Below this line are records; write out exactly the lines from the one containing "DG/DG7300A,เก้" through the one containing "Havana & Tortoise", with the pictures left out.

## Data section
------------------------------------------------------------------------
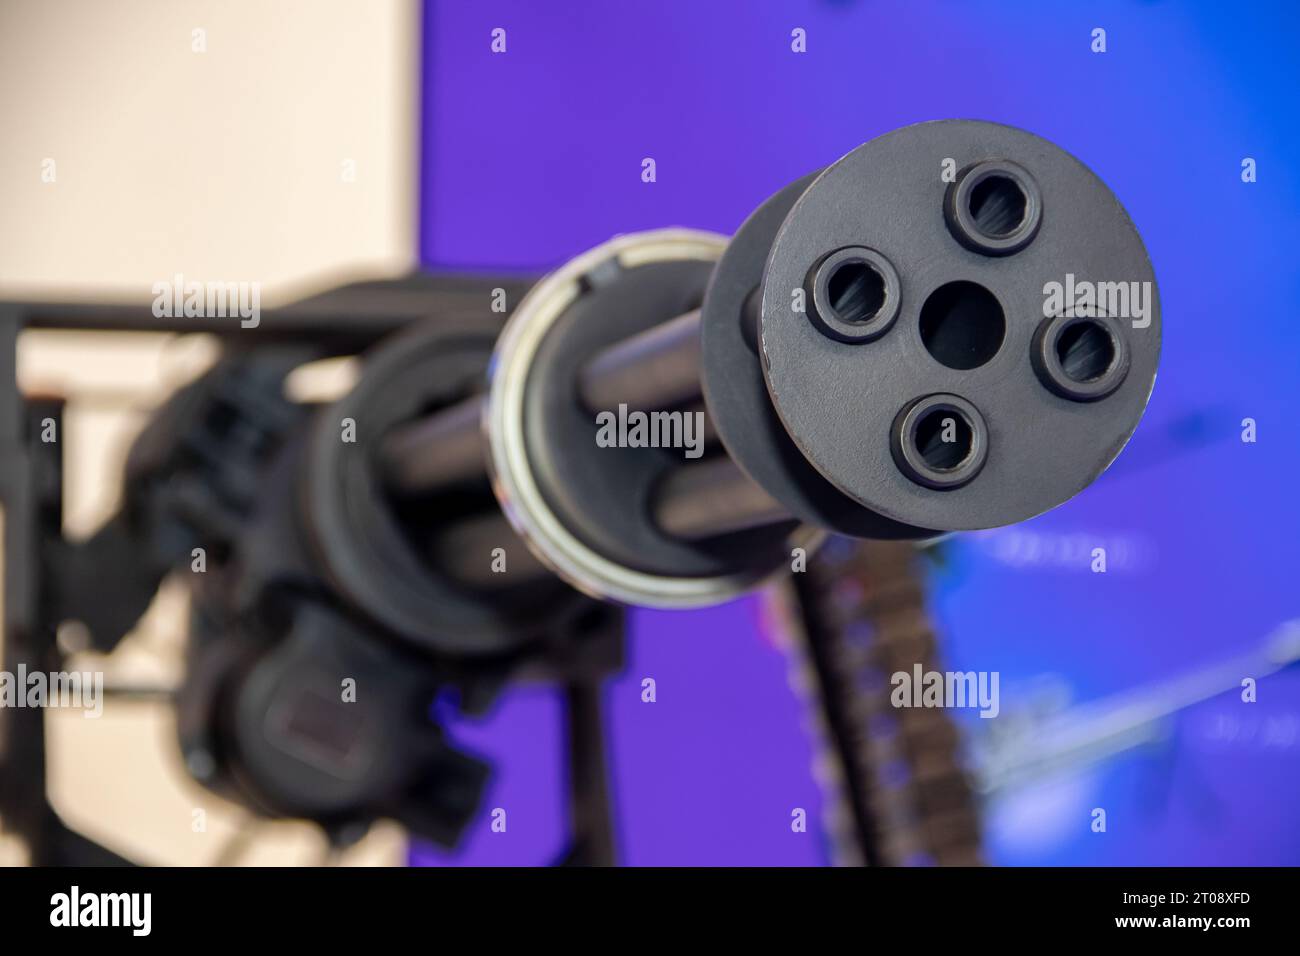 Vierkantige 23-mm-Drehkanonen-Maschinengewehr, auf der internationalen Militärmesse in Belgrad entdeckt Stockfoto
------------------------------------------------------------------------
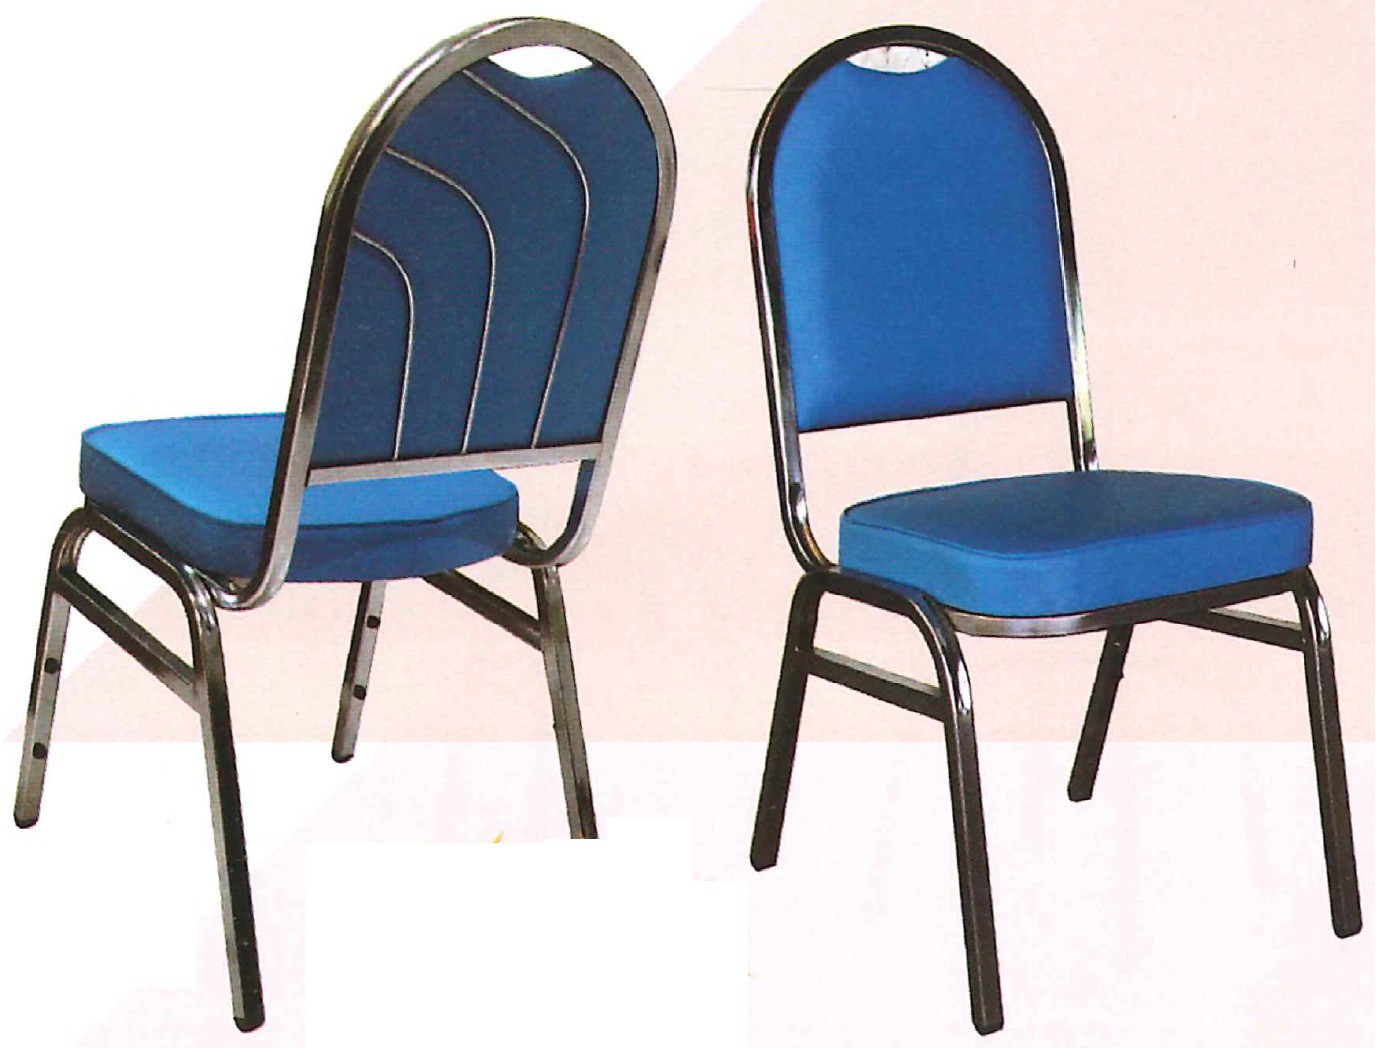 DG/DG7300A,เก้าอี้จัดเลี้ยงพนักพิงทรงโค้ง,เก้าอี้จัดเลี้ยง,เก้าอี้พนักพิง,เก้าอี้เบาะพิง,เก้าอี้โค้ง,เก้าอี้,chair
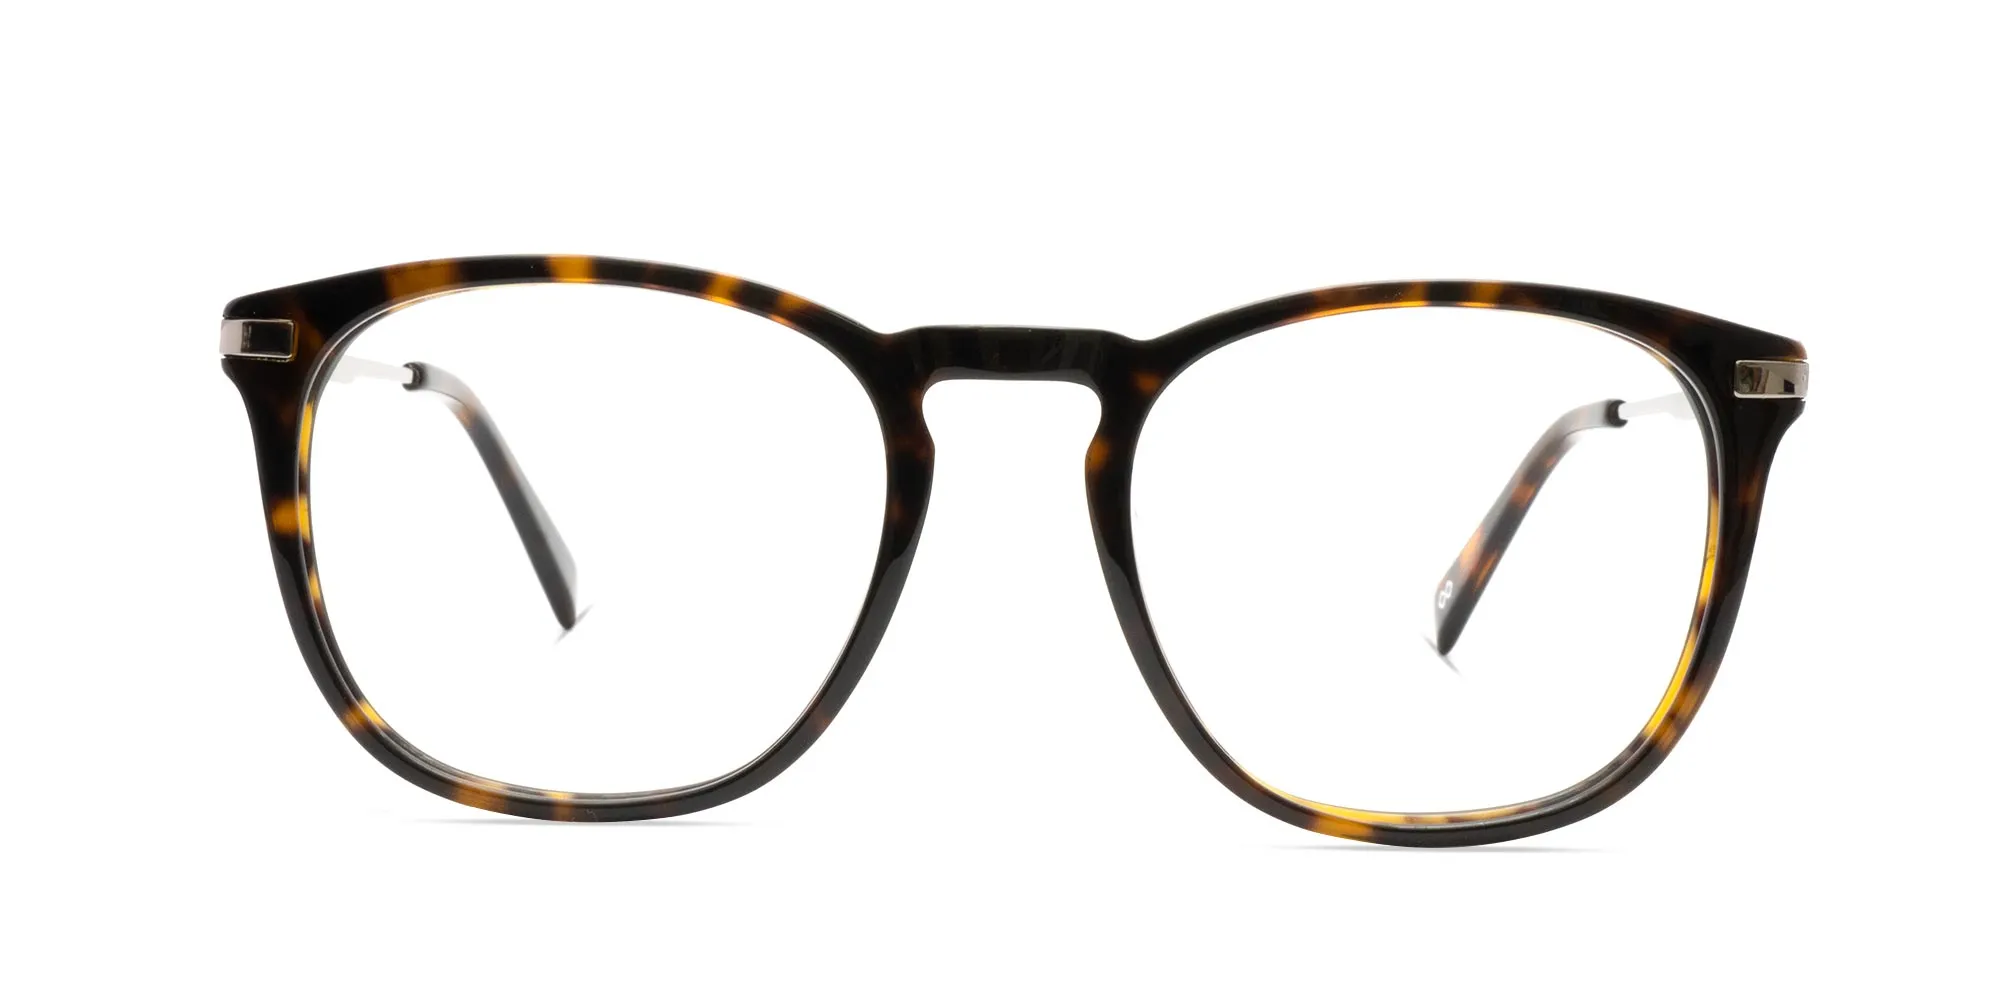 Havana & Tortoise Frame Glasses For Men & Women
------------------------------------------------------------------------
## Solution below
 DG/DG7300A,เก้าอี้จัดเลี้ยงพนักพิงทรงโค้ง,เก้าอี้จัดเลี้ยง,เก้าอี้พนักพิง,เก้าอี้เบาะพิง,เก้าอี้โค้ง,เก้าอี้,chair
 Havana & Tortoise Frame Glasses For Men & Women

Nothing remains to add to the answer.